Business Environment

Global markets are experiencing significant volatility driven by concerns over inflation, rising interest rates, slowing economic growth and geopolitical uncertainty. The annual inflation rate in the United States increased to 9.1% in June 2022, the highest rate since November 1981, but decreased to 3.0% in June 2023. As a result, from January 1, 2022 through July 26, 2023, the Federal Reserve increased the federal funds rate by 525 basis points and has indicated its intention to continue to increase interest rates in an effort to combat inflation. The rising interest rates, coupled with periods of significant equity and credit market volatility may potentially make it more difficult for us to find attractive opportunities for our funds to exit and realize value from their existing investments. Historically, inflation has tended to favor new capital formation for Caliber’s funds, as investors seek opportunities that can hedge against rising costs, such as real estate investments. In addition, the increase in interest rates has put pressure on owners of existing real estate to sell assets as their loans mature. Combined with a shrinking pool of buyers, the commercial and residential real estate markets in our favored geographies are moving away from a seller’s market and closer to a buyer’s market. It remains to be seen if a stressed or distressed market may emerge, similar to Caliber’s early years of operations. In both a buyer’s market and a stressed or distressed market, Caliber expects its business model to outperform, as our direct access to investor capital and our ability to invest in a variety of asset classes allows Caliber to move with the market and take advantage of potentially attractive prices. For project execution, inflation has increased the cost of nearly all building materials and labor types, increasing the cost of construction and renovation of our funds’ assets.

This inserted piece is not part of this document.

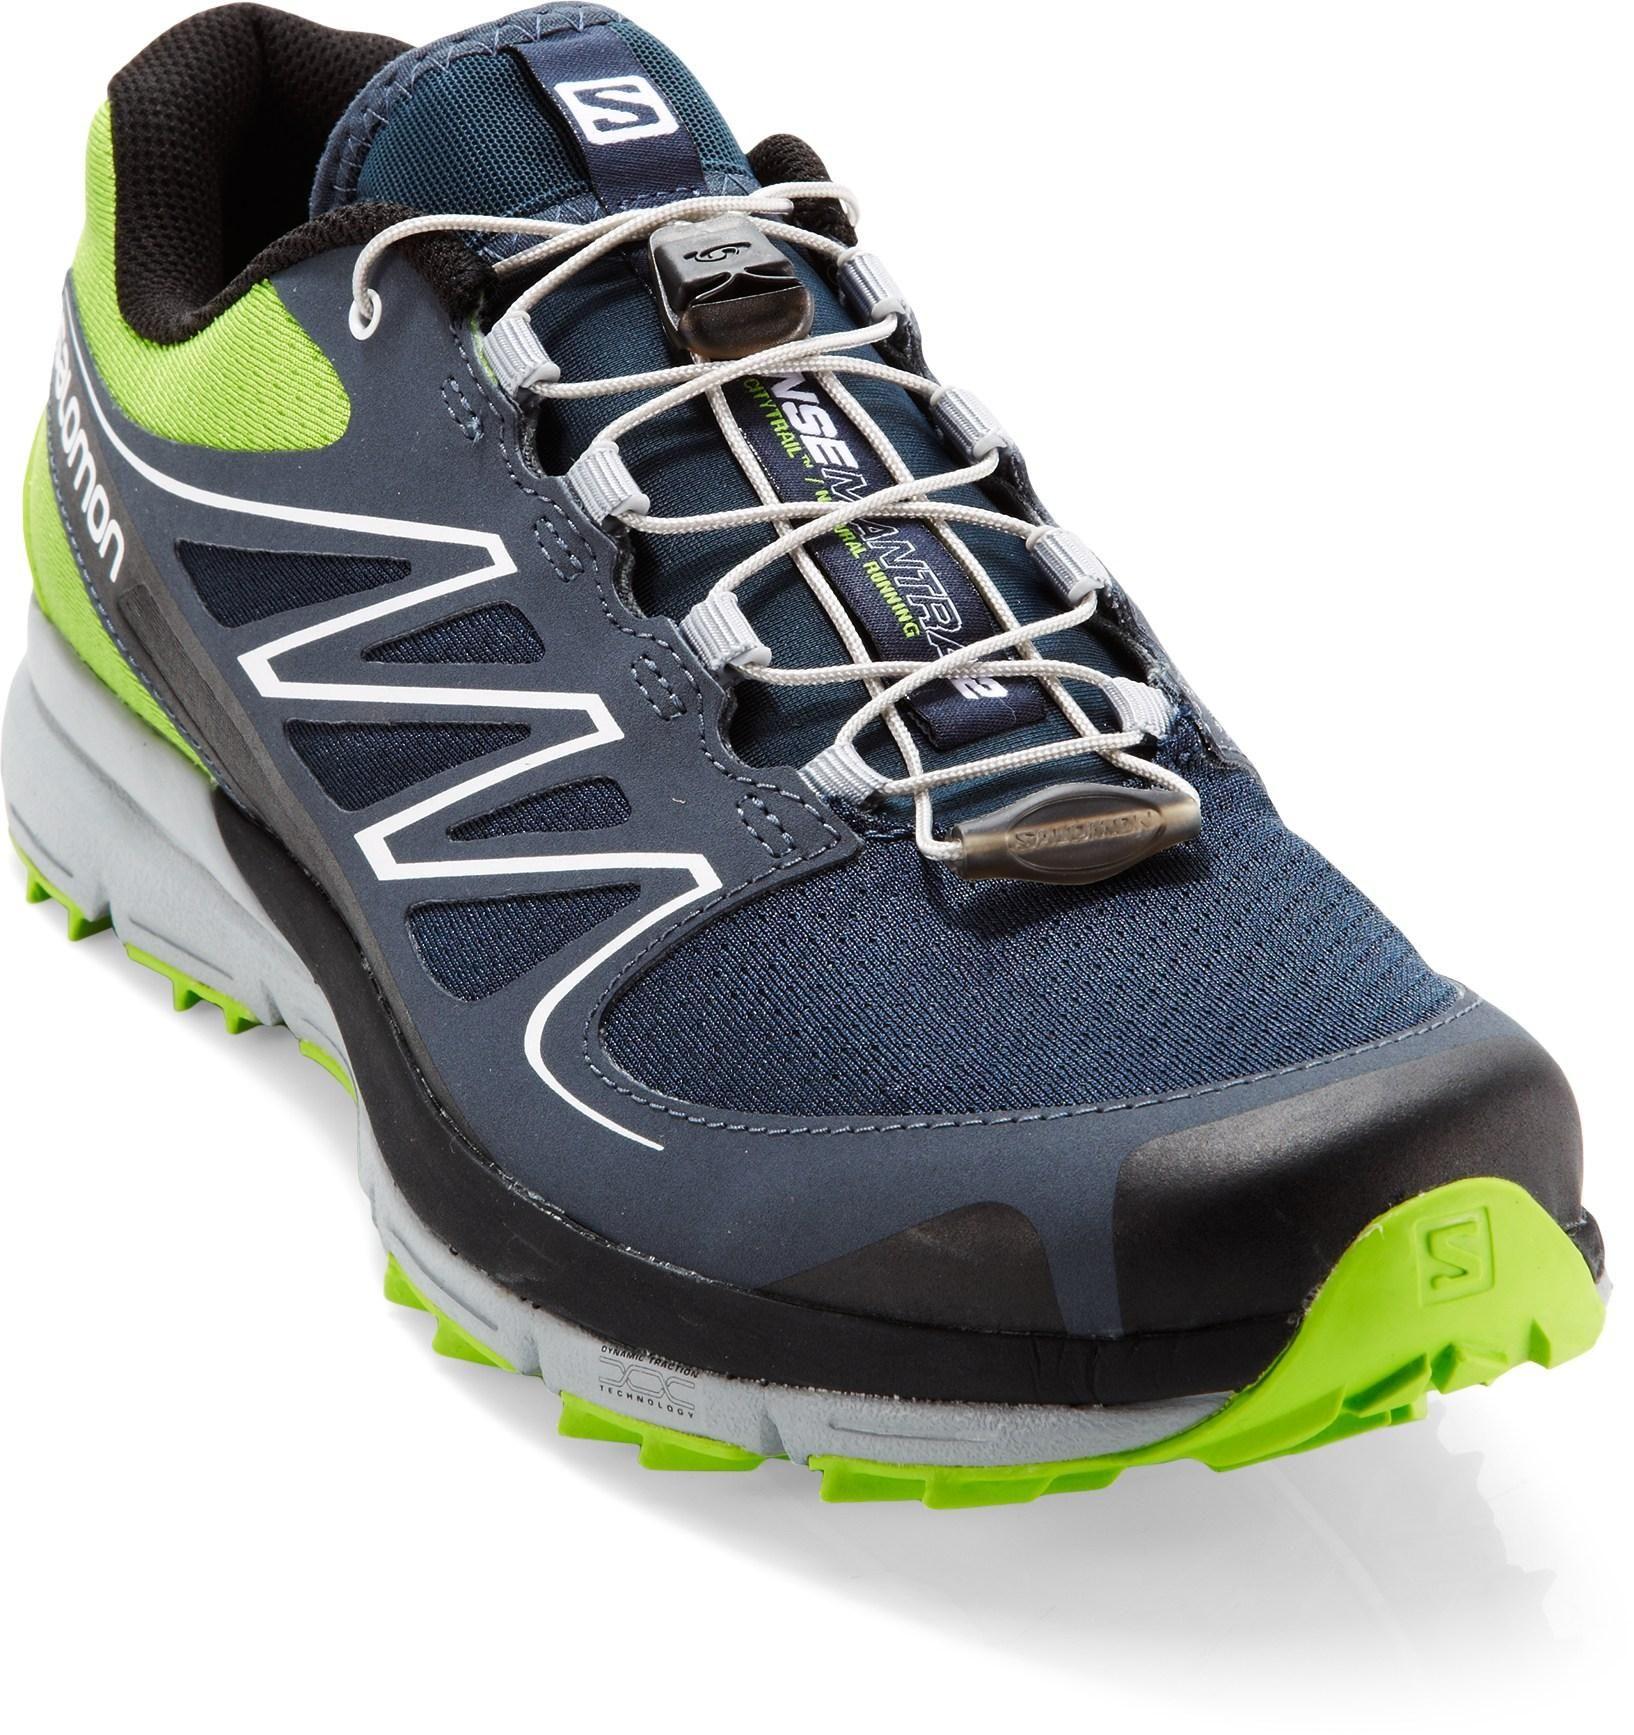 Salomon Sense Mantra 2 Trail-Running Shoes - Men's from REI on Catalog  Spree, my personal digital mall.
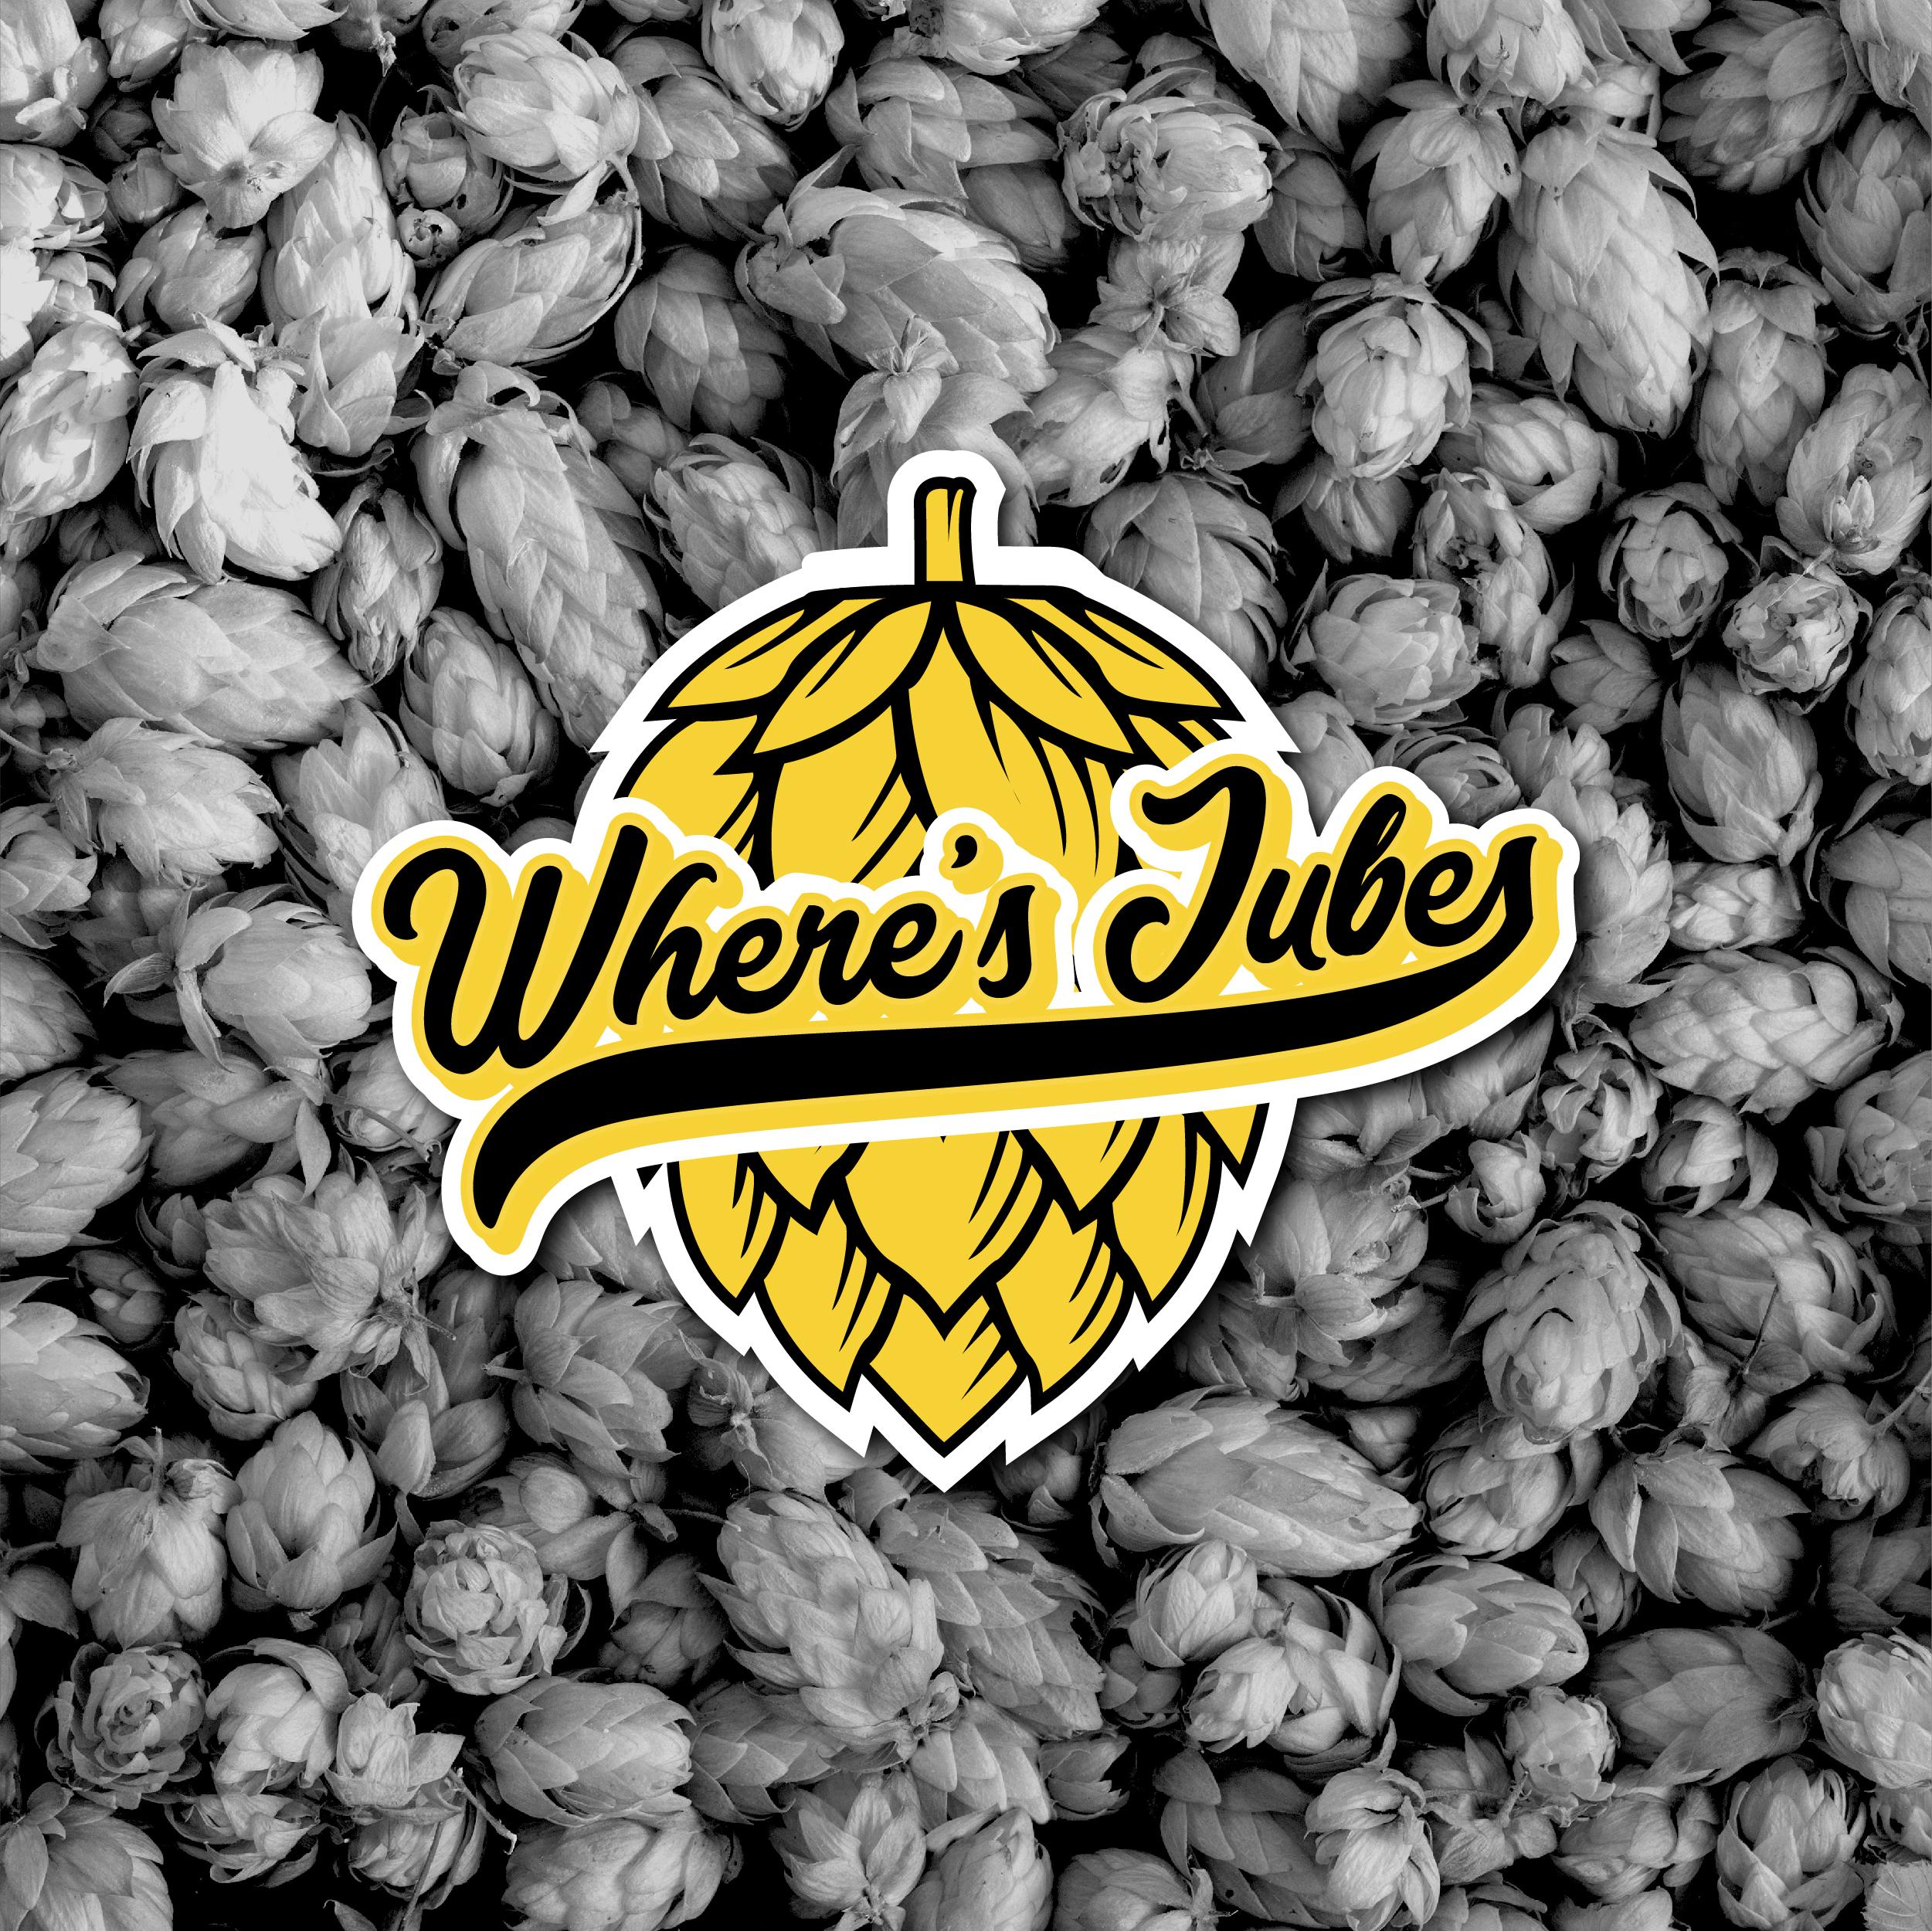 Where's Jubes launch logo

Key Financial Measures and Indicators

Our key financial measures are discussed in the following pages. Additional information regarding these key financial measures and our other significant accounting policies can be found in Note 2 – Summary of Significant Accounting Policies in the notes to our accompanying condensed consolidated financial statements included herein.

Total Revenue

We generate the majority of our revenue from (i) asset management fees, (ii) performance allocations and (iii) advisory and transaction services. Included within our consolidated results, are the related revenues of certain consolidated VIEs.

Total Expenses

Total expenses include operating costs, general and administrative, marketing and advertising and depreciation and amortization. Included within our consolidated results, are the related expenses of consolidated VIEs.

Other Income (Expenses)

Other income (expenses) include interest expense and interest income.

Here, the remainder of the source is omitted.